Ich wollte nur Musik machen, es hat mir Spaß gemacht Interview: Oliver Koletzki

Sein Leben lang macht Oliver Koletzki bereits Musik, seinen Durchbruch hatte er 2005 mit dem Track „Der Mückenschwarm“. Anfang November erschien nun das 10. Album des Musikers. Wir haben mit ihm über Tabaluga, seine anstehenden Konzerte, das Älterwerden und seine Pläne für die Zukunft gesprochen.

© Annabell Lingenhöle

Wie geht es Dir gerade?

Mir geht es sehr gut, es ist zurzeit viel los, weil mein Album jetzt rauskam und dann bald die Konzerttour startet. Daher habe ich momentan viel zu tun, aber es läuft gut.

Du bist DJ und Produzent, wie würdest du selbst deinen Beruf beschreiben?

Ich denke, das trifft es gut. Ich bin noch Labelinhaber des Indie-Labels „Stil vor Talent“, aber DJ und Produzent beschreibt es passend.

Hast du einen bestimmten Musikstil? Hat der sich verändert?

Ja, der verändert sich die ganze Zeit. Als Jugendlicher habe ich in Rockbands und in einer „The Doors“- Coverband gespielt. Dann kam meine Hip-Hop-Phase, so ungefähr zwischen 1995 und 2000, da habe ich für Rapper Beats produziert. Und dann kam ich erst zu House und Techno. Innerhalb dieses elektronischen Genres habe ich eher poppigere Musik gemacht, Songs wie „Hypnotized“, aber auch härteren Techno. Die beiden letzten Alben waren aber wiederum sehr down tempo, sehr perkussiv. Ich finde es langweilig, immer das gleiche zu machen. Wenn man so viele Jahre schon Musik macht, so viele Jahrzehnte, dann braucht man die Abwechslung. Sonst würde mir selbst langweilig werden. Deswegen probiere ich immer neue Stile aus. 

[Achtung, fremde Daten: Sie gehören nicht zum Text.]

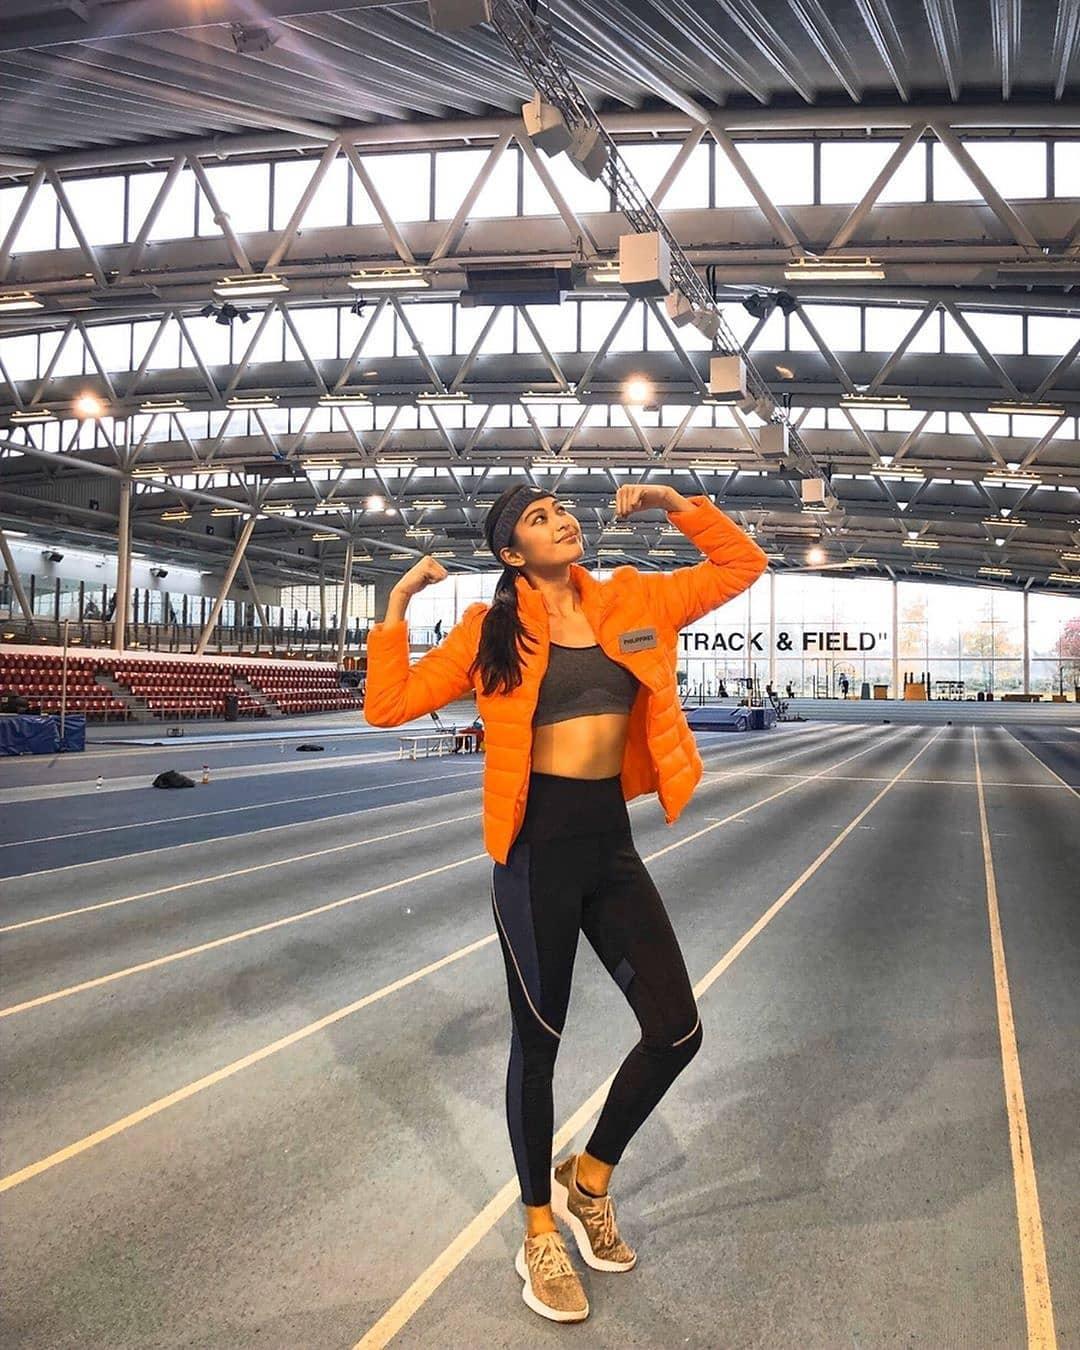 fast track miss sport de miss  world 2019. - Página 2 IuLSGu

Und macht dir eine Richtung davon besonders Spaß?

Ich mag es sehr gerne, als Produzent alleine im Studio zu arbeiten. Das wird sich, denke ich, auch niemals ändern. Am Anfang habe ich mich schwergetan, auf der Bühne zu stehen. Gerade weil ich früher ein sehr schüchterner Typ war und das Rampenlicht eher gescheut habe. Ich hatte immer extremes Lampenfieber und war super nervös. Das hat sich mit der Zeit etwas gelegt. Ich mag es, auf der Bühne zu stehen, die Leute zu unterhalten und ihnen eine gute Zeit zu bescheren. Was ich nicht mag, ist viel zu reisen. Viel an Flughäfen, viel in Hotels, oft alleine zu sein. Ich spiele seit 18 Jahren im Schnitt 118 Gigs pro Jahr, also jeden dritten Tag, da bin ich sehr viel alleine, das ist manchmal nicht so schön. Aber dadurch, dass es meine Leidenschaft ist, ist es mir die Sache wert.

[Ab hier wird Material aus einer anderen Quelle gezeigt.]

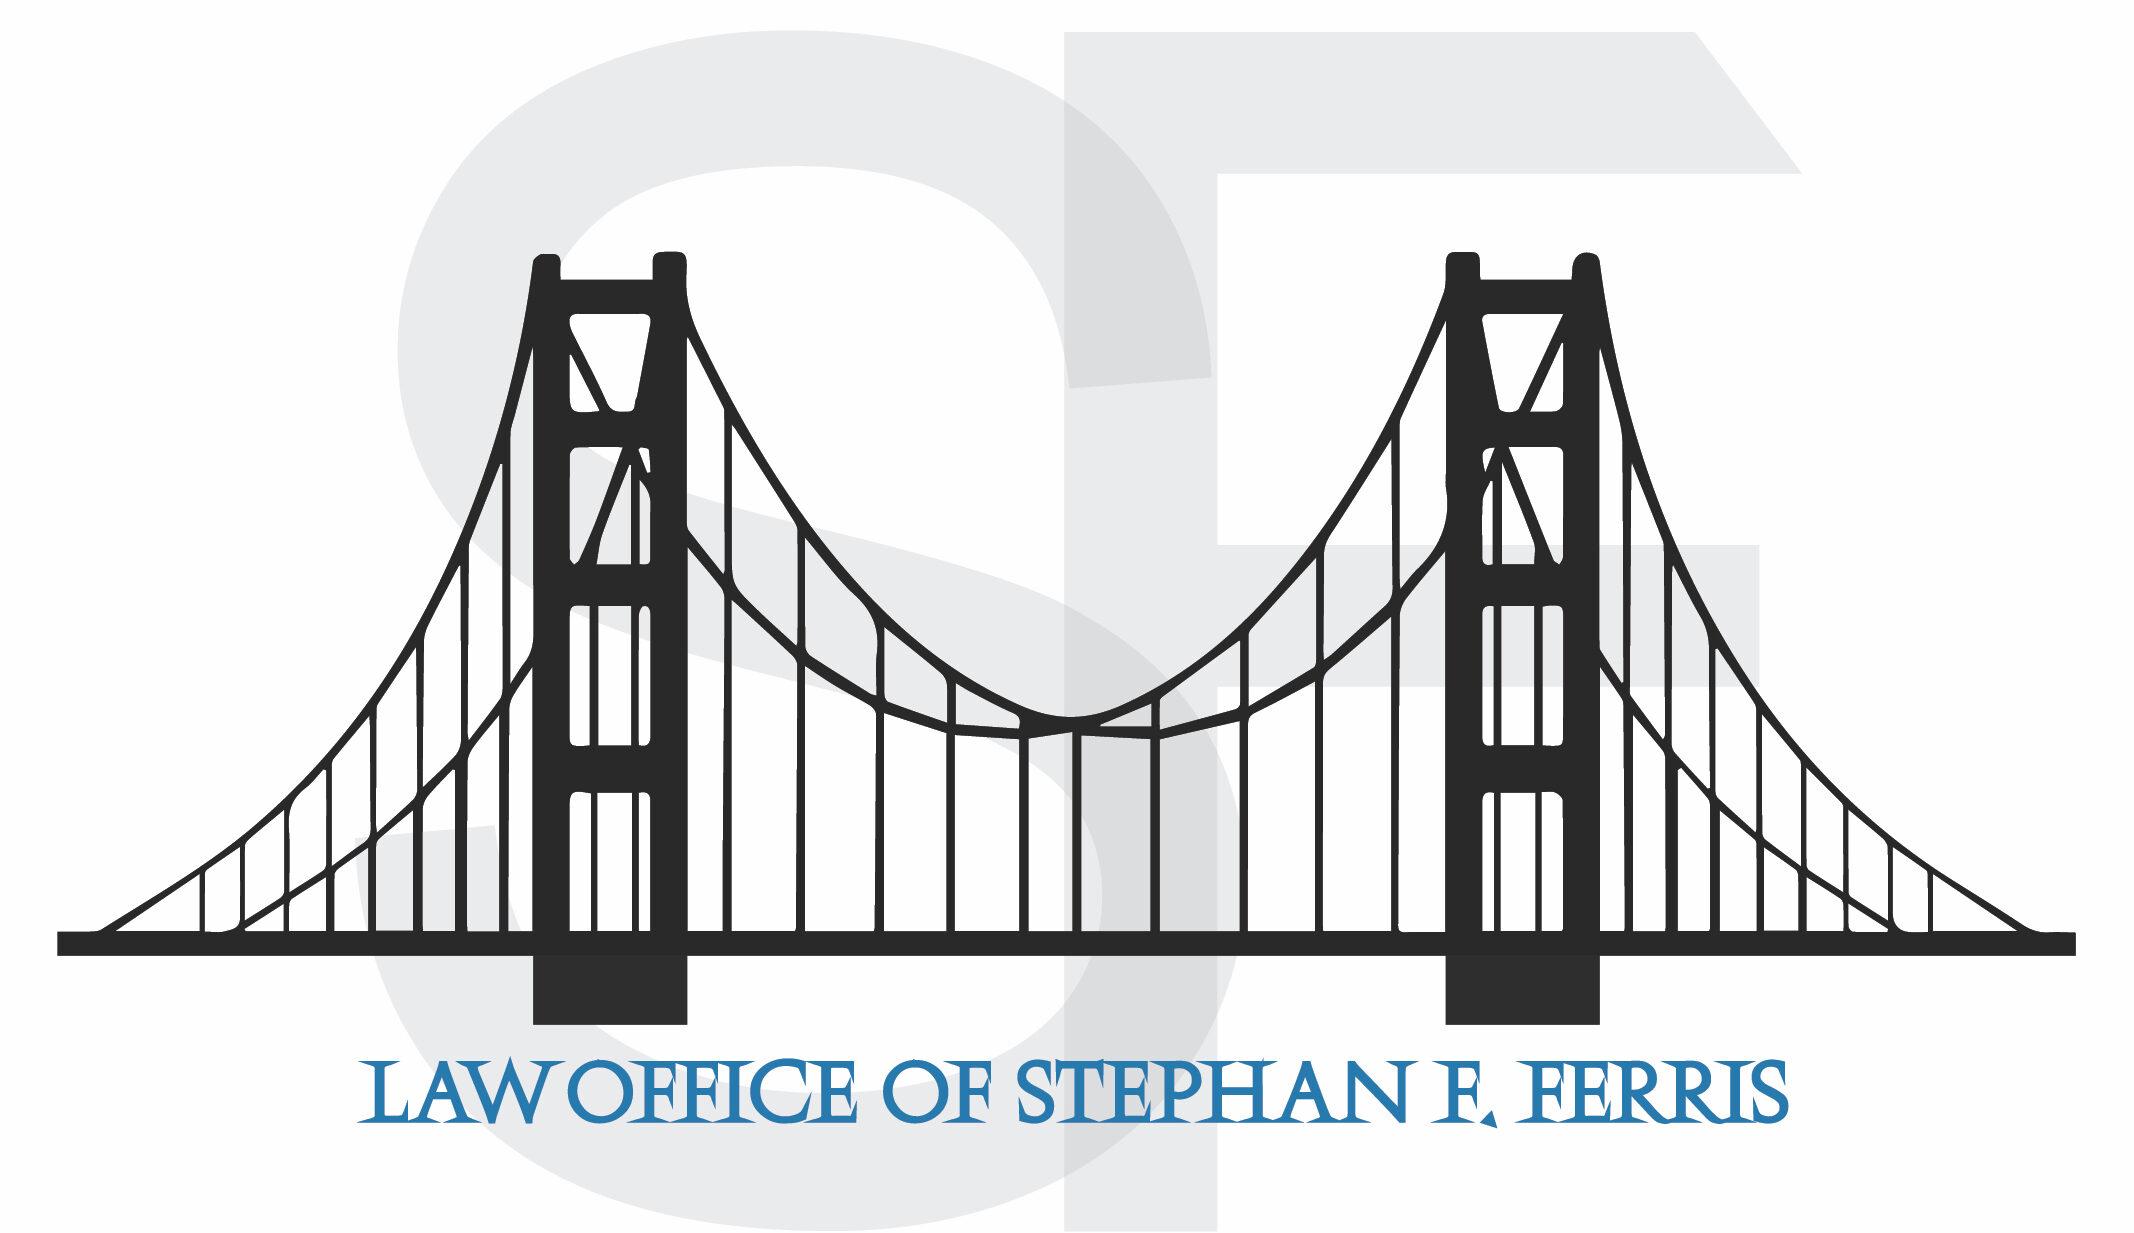 Stephan F. Ferris

Auf der Bühne macht mir das nichts aus, denn dann bin ich für alles selbst verantwortlich. Jetzt bei der Konzerttour sind wir aber zu zweit.

Bei vielen Tracks auf deinem neuen Album spielst du zusammen mit anderen Künstler:innen. Wie wird das auf der Tour umgesetzt?

Auf der Bühne stehe ich mit meine Sound Engineer. Ich spiele Klavier, E-Piano, oder Synthesizer, und er spielt Gitarre. Im Hintergrund laufen Elektrobeats, wir spielen die Instrumente dazu. Es ist also wirklich live, mit echten Instrumenten. Diese ganzen Sänger mit auf Tour zu nehmen, wäre zu umfangreich, da hätte man einen ganzen Tourbus mieten müssen. Man hört sie natürlich, aber sie können nicht überall dabei sein. Beim Abschlusskonzert in Berlin am 2. Dezember treten aber ein paar Sänger mit auf, da machen wir zum Tourabschluss etwas Besonderes.

Diese Tour soll familienfreundlicher sein. Inwiefern?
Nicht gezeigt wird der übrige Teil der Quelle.